Cash flow comes from:

Operating activities
Investment activities
Financing activities

Operating Activities

Cash flow from operating activities relates to cash generated or paid out through the normal cash generating activities of the enterprise. The enterprise need to generate enough cash flow from these activities as they are the main sources of cash for the business. Cash flow from operating activities will be used to repay loans, maintain the operating capabilities of the enterprise and make new investments.

Cash flow from operating activities includes:

a) cash received from sale of goods or provision of services;
b) cash received from royalties, fees, commission and other revenues;
c) cash payments to suppliers;
d) cash payments to or on behalf of employees
e) cash payments or refund of income tax.

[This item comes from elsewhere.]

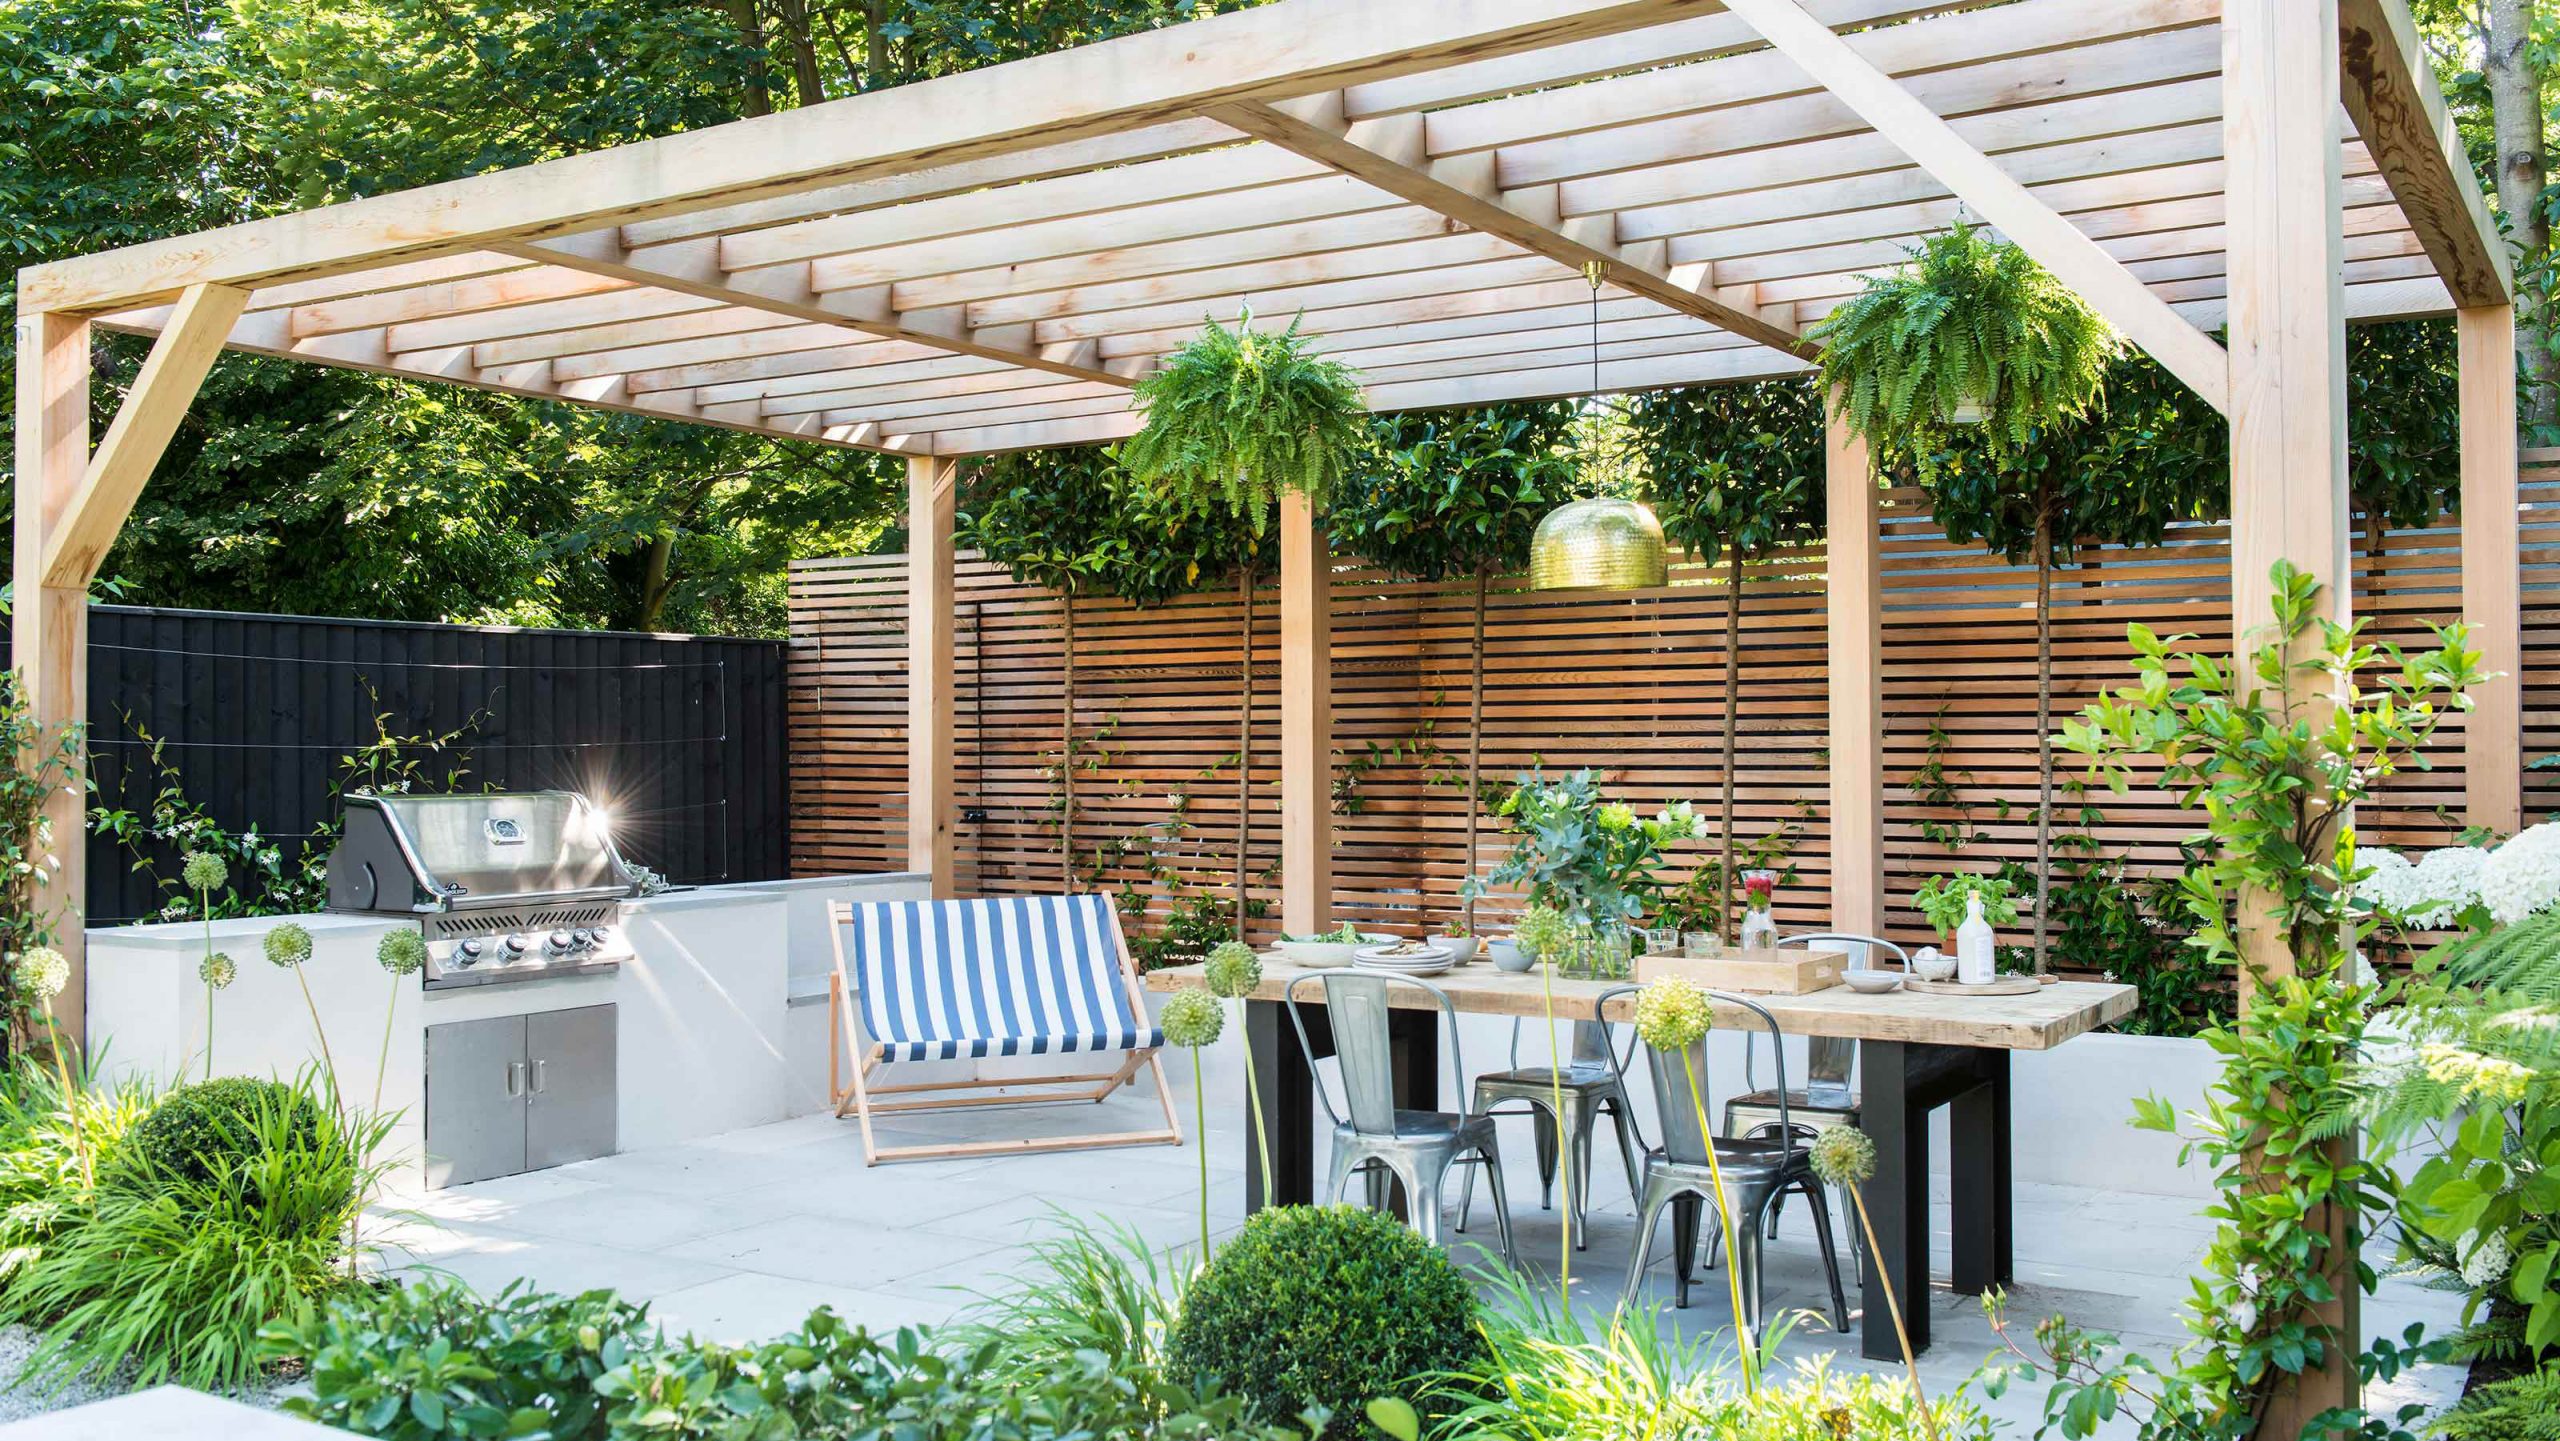 Summer garden idea with a pergola patio

For further information about calculation, please turn to "http://www.prairiepublic.org/features/END/cashwrk3.htm"

Investing Activities
These are cash flow on capital expenditure incurred which will generate future operating cash flows. Examples of cash flows arising from investment activities are:

a) Cash payments to acquire property plant and equipment or cash received from disposal of these assets.
b) Cash payment to acquire equity or debt instruments of other enterprises.
c) Cash received from sale of equity or debt instrument of another enterprise.
d) Cash advances and loans made to other parties.
e) Cash received from the repayments of advances and loans made to other parties;

Financing Activities

Cash flow from financing activities relates to cash flow received from or repaid to outside providers of finance. Examples include:

a) Cash proceeds from issuing of shares or other equity instrument;
b) Cash payments to owners to acquire or redeem the enterprise shares.
c) Cash repayment of amounts borrowed.
d) Cash payments in finance lease
e) Dividend paid to ordinary share holders

Cash flow statement can be produced used direct or indirect method. Direct method discloses the major classes of cash receipts and gross payments. While indirect method begins with net profit which is adjusted with non cash transactions, accrued income or expenses and items of income or expenses associated with investing or financing activities.